### Data for this exercise
++++++++

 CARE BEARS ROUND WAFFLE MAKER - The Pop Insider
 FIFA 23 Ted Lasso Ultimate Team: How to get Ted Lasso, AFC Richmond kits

++++++++

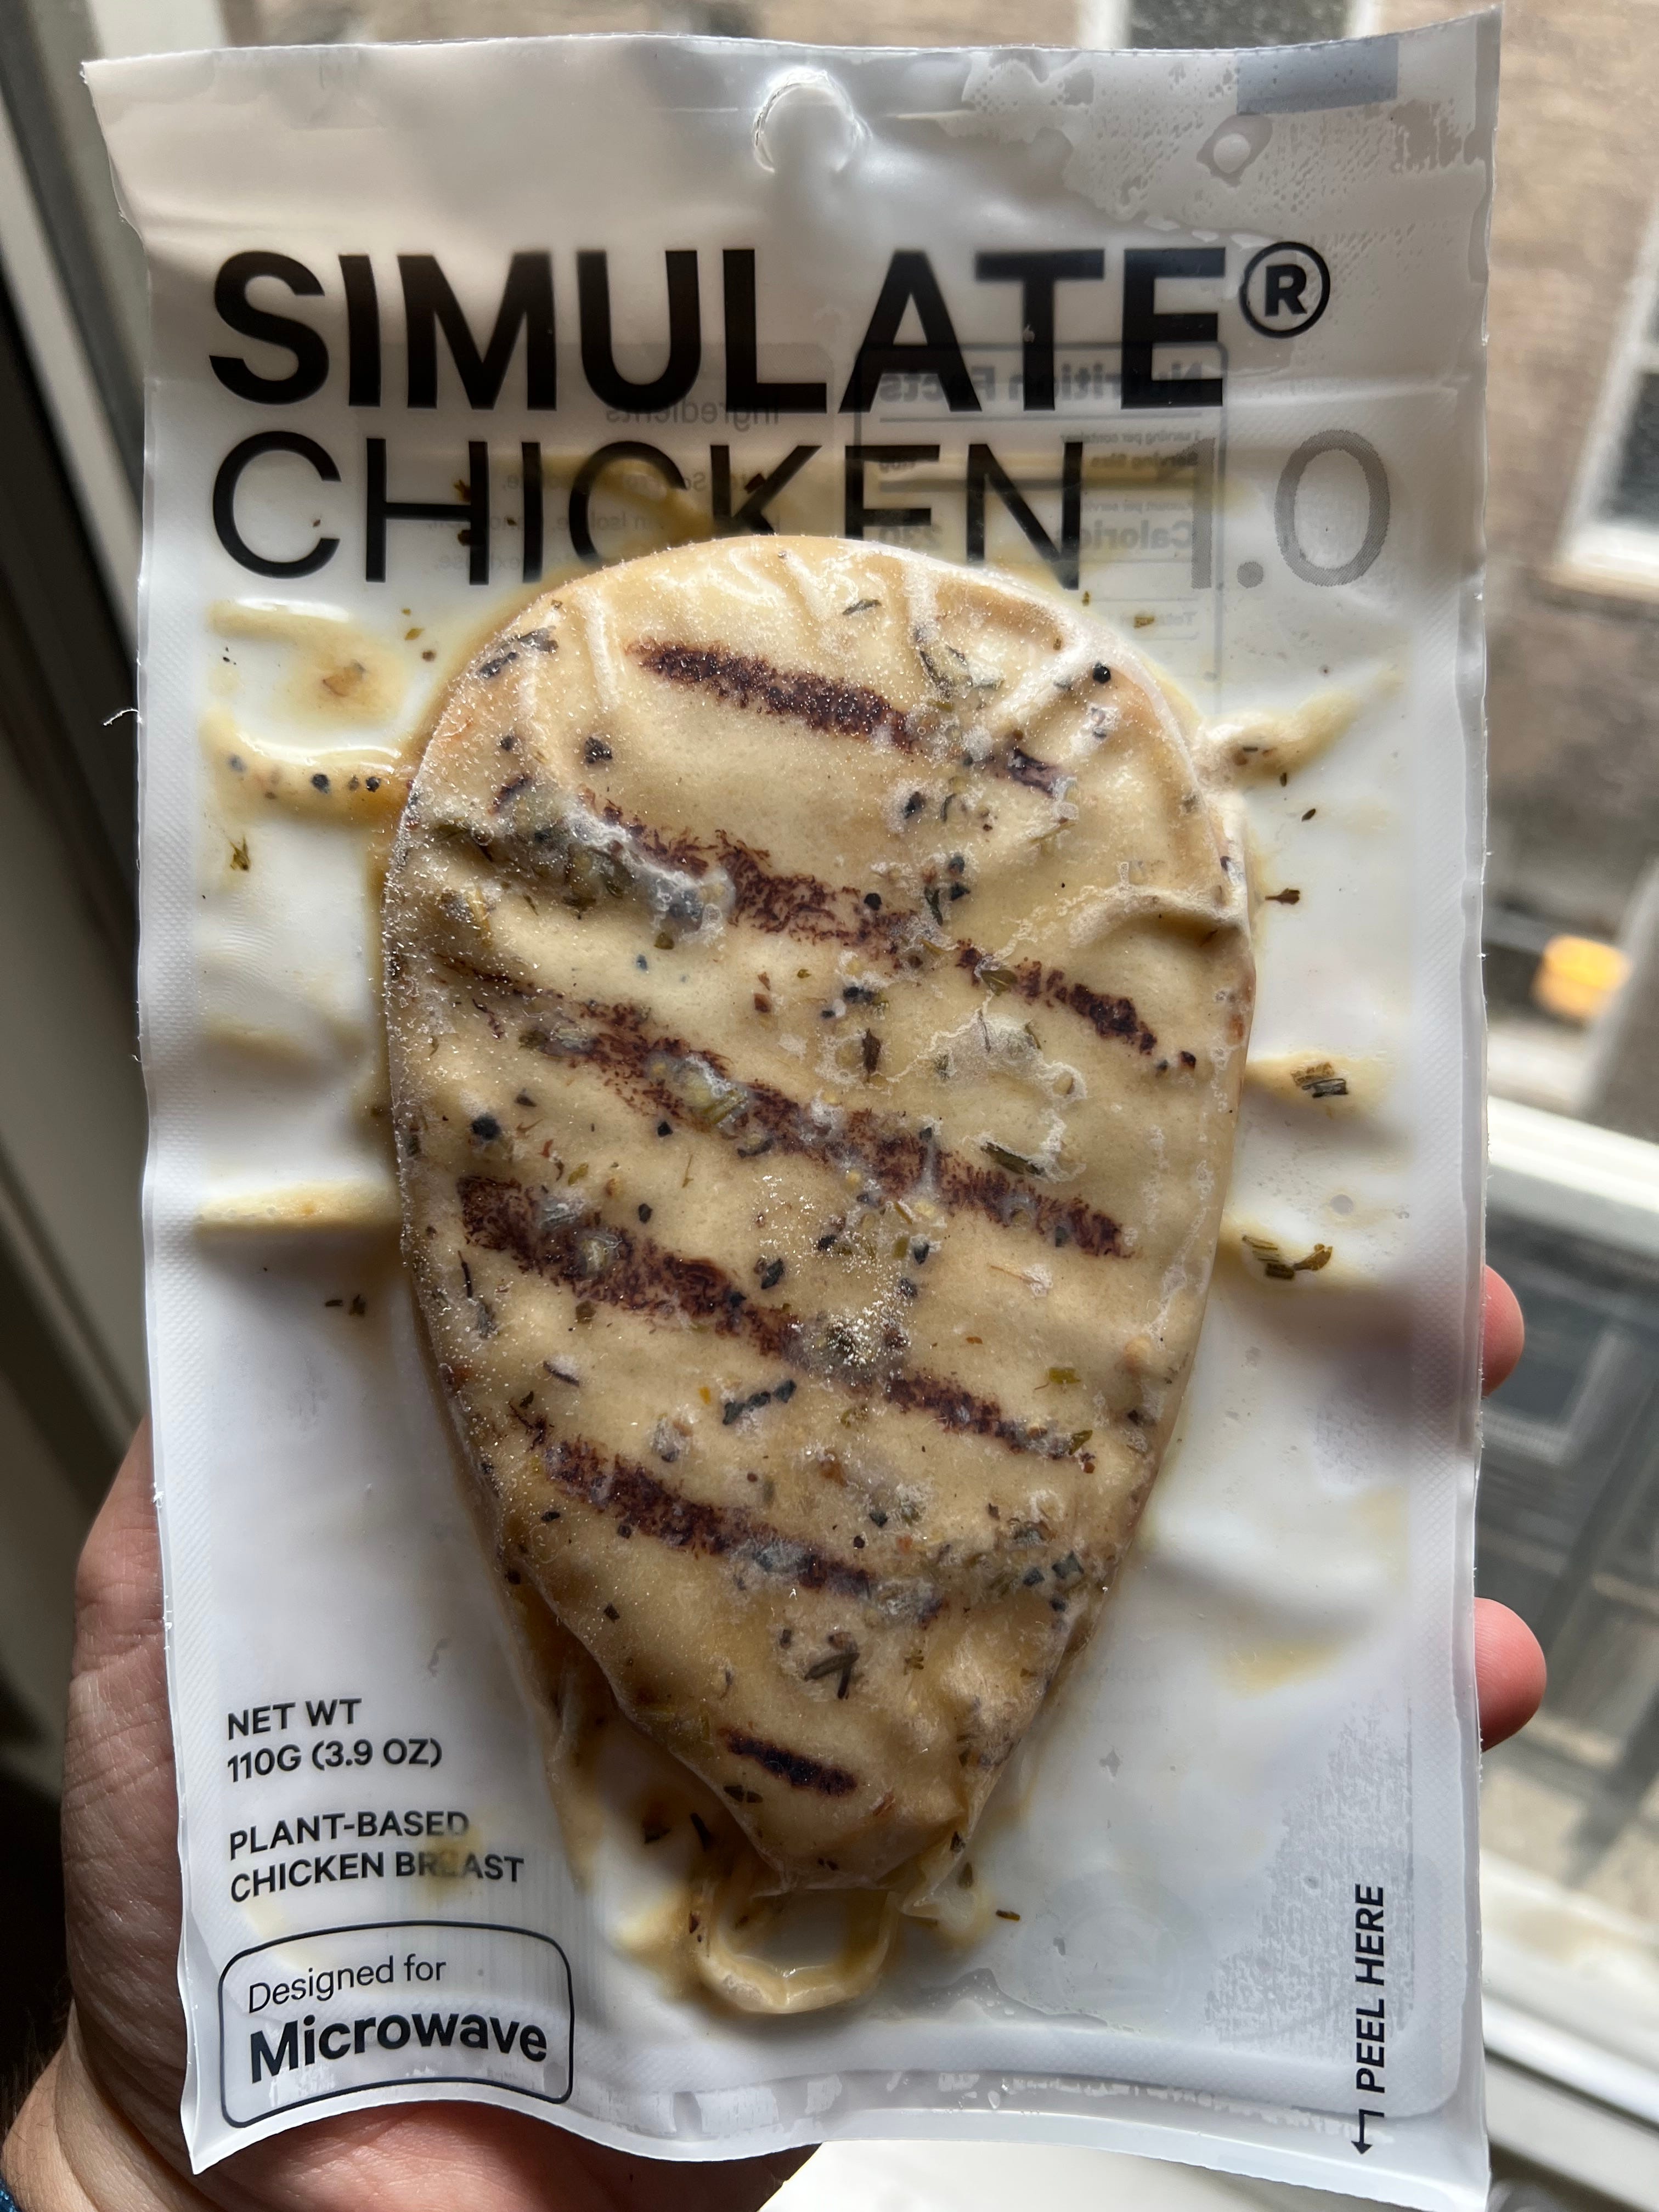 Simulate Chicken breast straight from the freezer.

++++++++

### Your objective
What you return must be the lines above that run from the line with "CARE BEARS ROUND" to the line with "FIFA 23 Ted", inclusive, each copied exactly.

### Answer to the exercise
 CARE BEARS ROUND WAFFLE MAKER - The Pop Insider
 FIFA 23 Ted Lasso Ultimate Team: How to get Ted Lasso, AFC Richmond kits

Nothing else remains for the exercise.